PROBLEM TO WORK ON: From the entries below, print exactly the span beginning with the line holding "Michelin Star Restaurants In Rome Imago" and ending with the line holding "11 Ben August 2021 Sunflowers near Cecil", endpoints included, and skip any pictures.

DATA EXCERPTS:
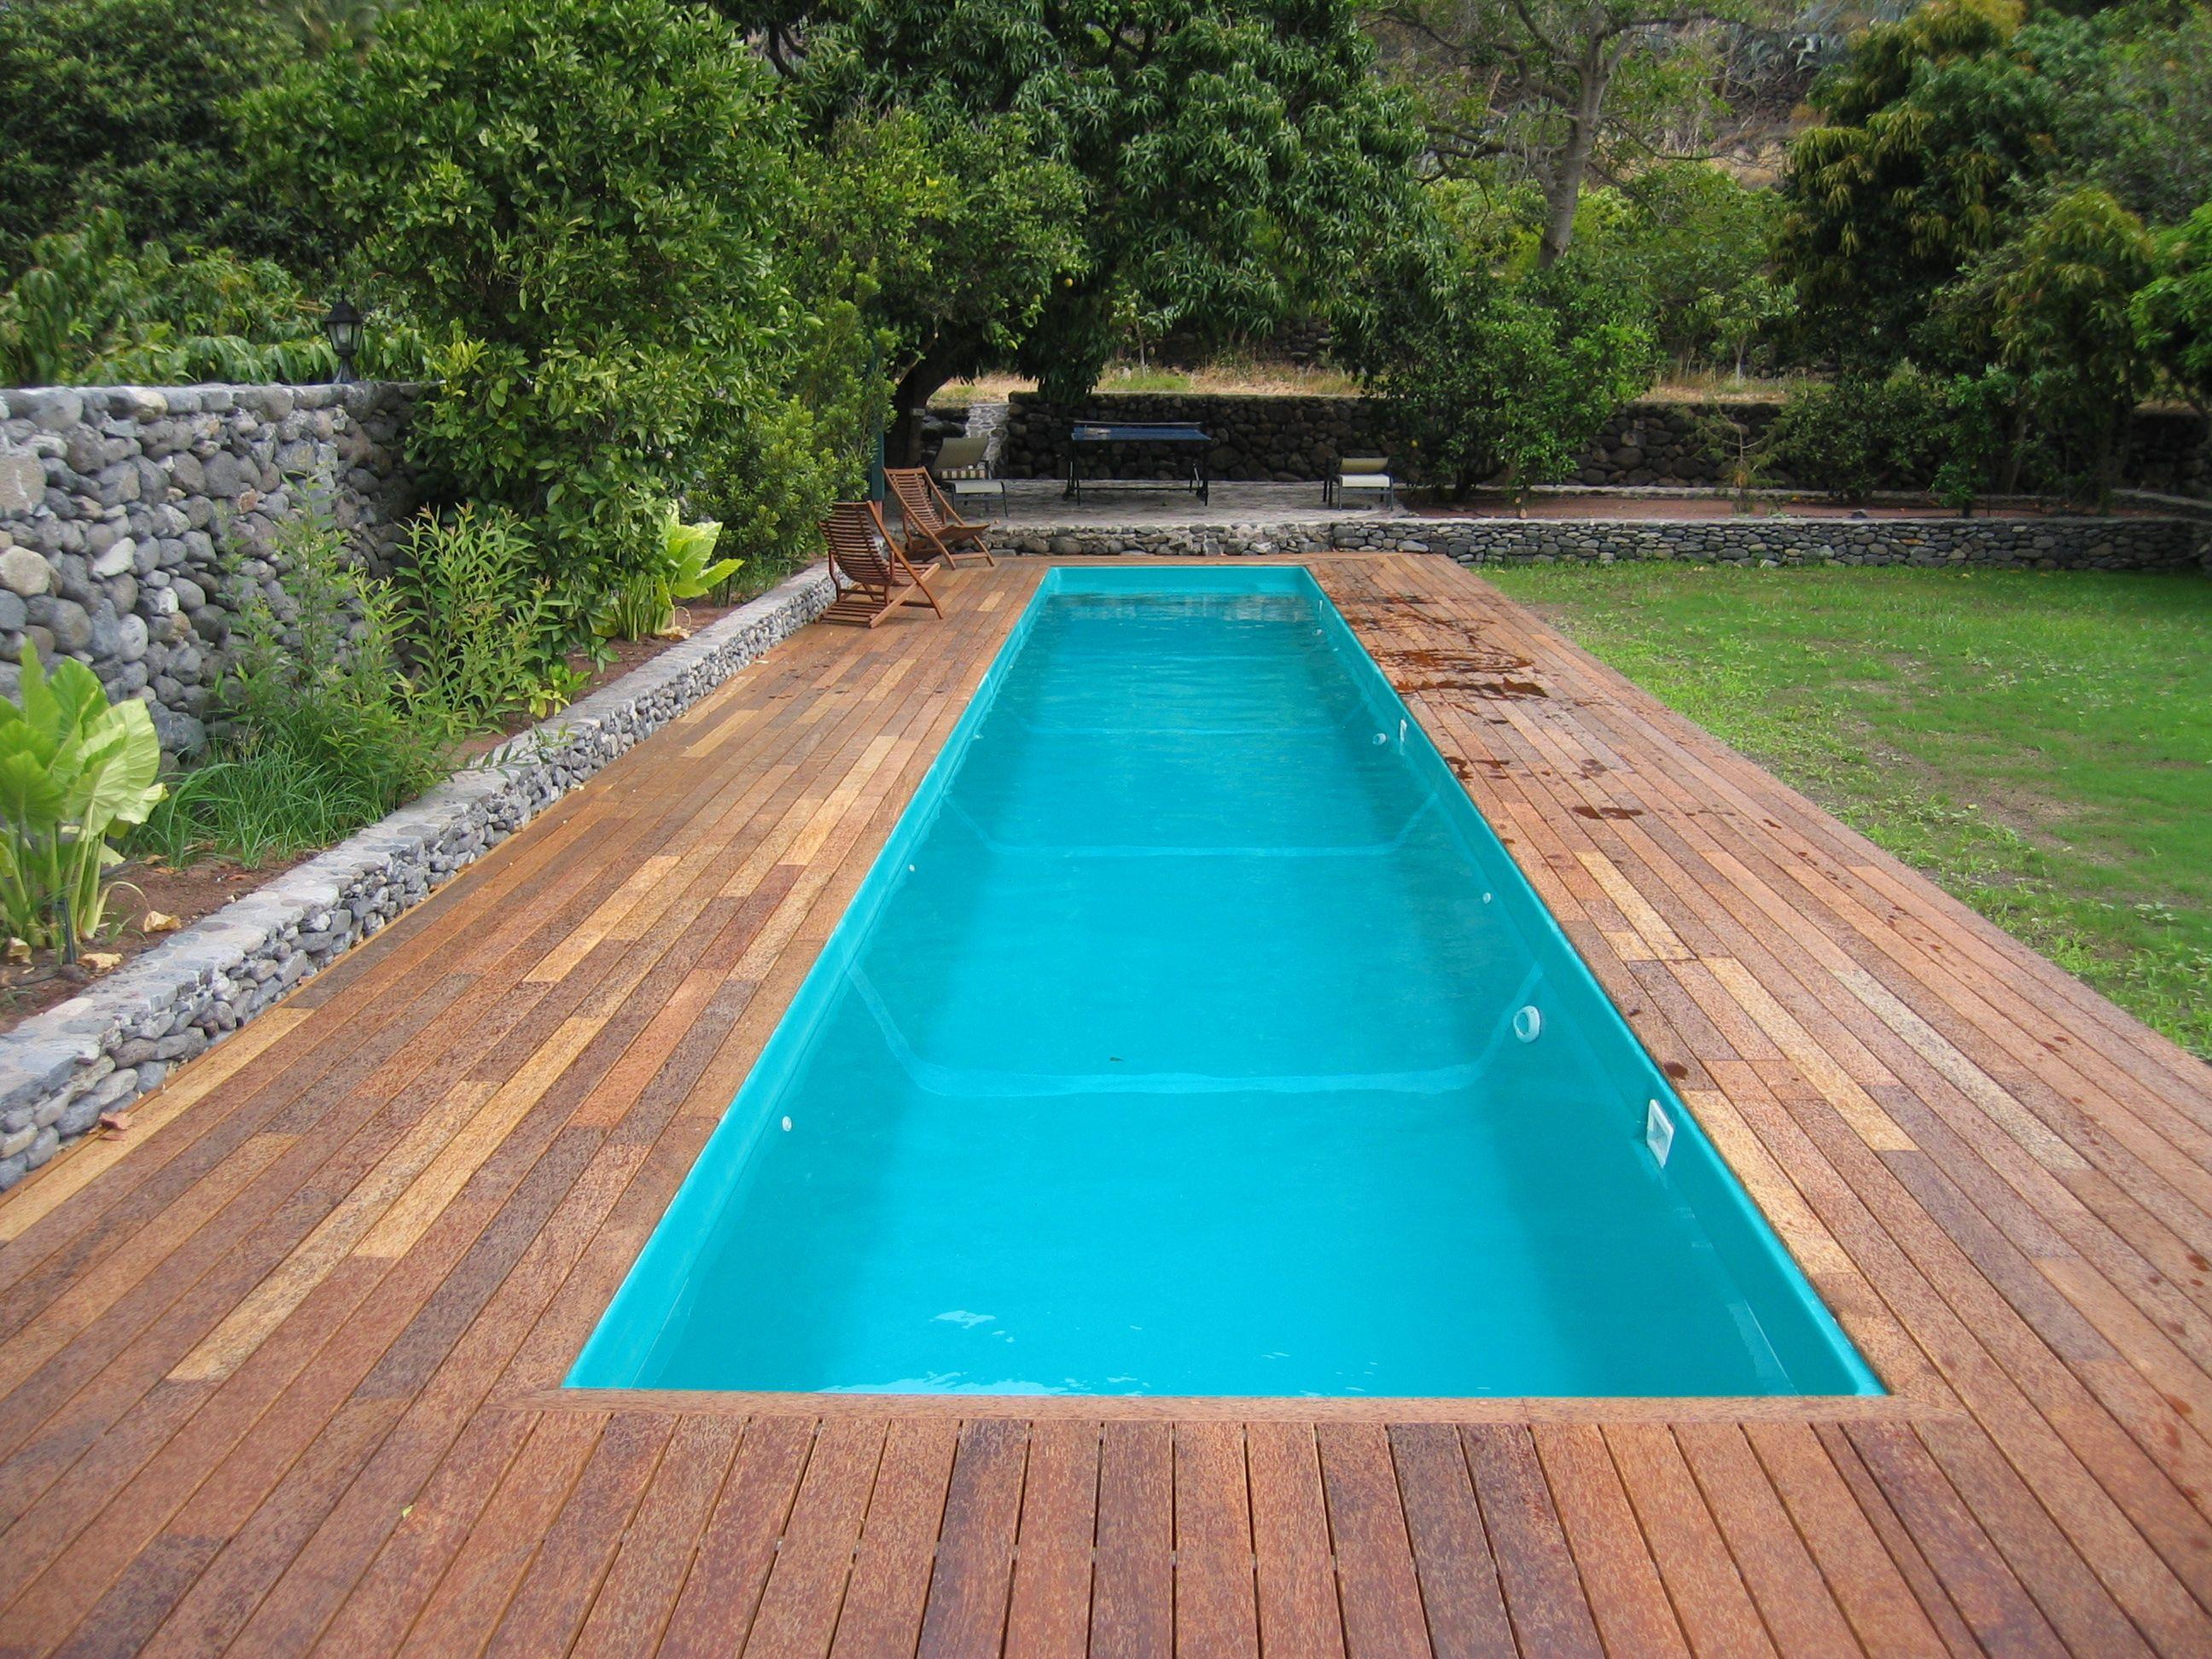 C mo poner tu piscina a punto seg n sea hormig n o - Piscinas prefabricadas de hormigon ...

==

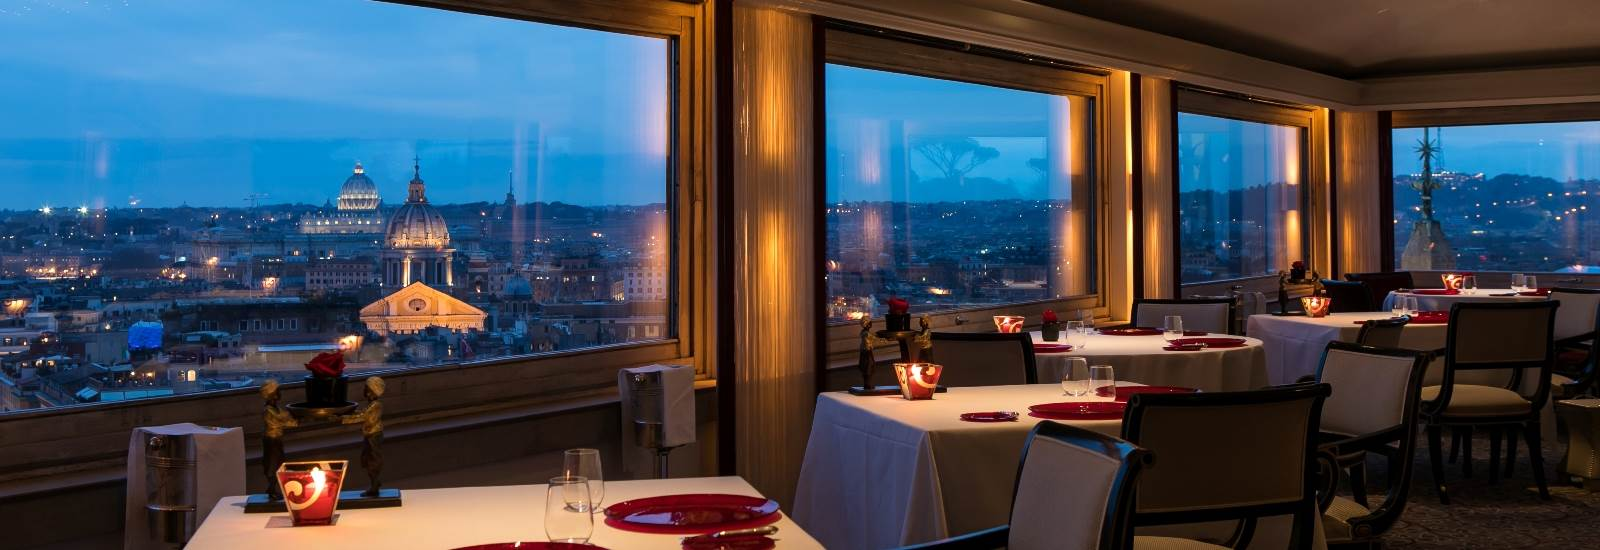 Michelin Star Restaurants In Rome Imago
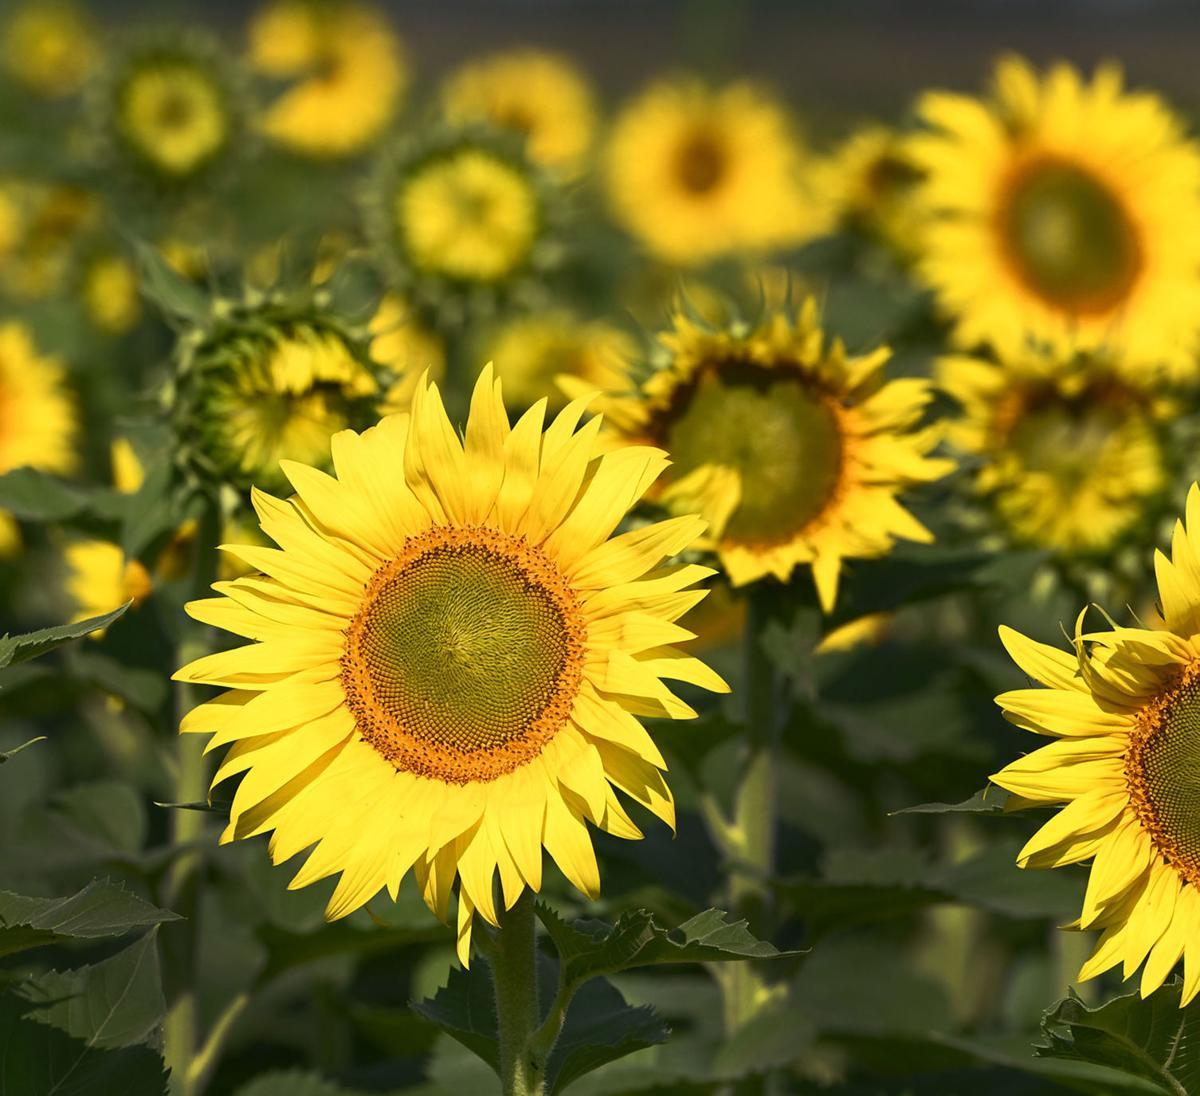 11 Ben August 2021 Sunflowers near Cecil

SOLUTION:
 Michelin Star Restaurants In Rome Imago
 11 Ben August 2021 Sunflowers near Cecil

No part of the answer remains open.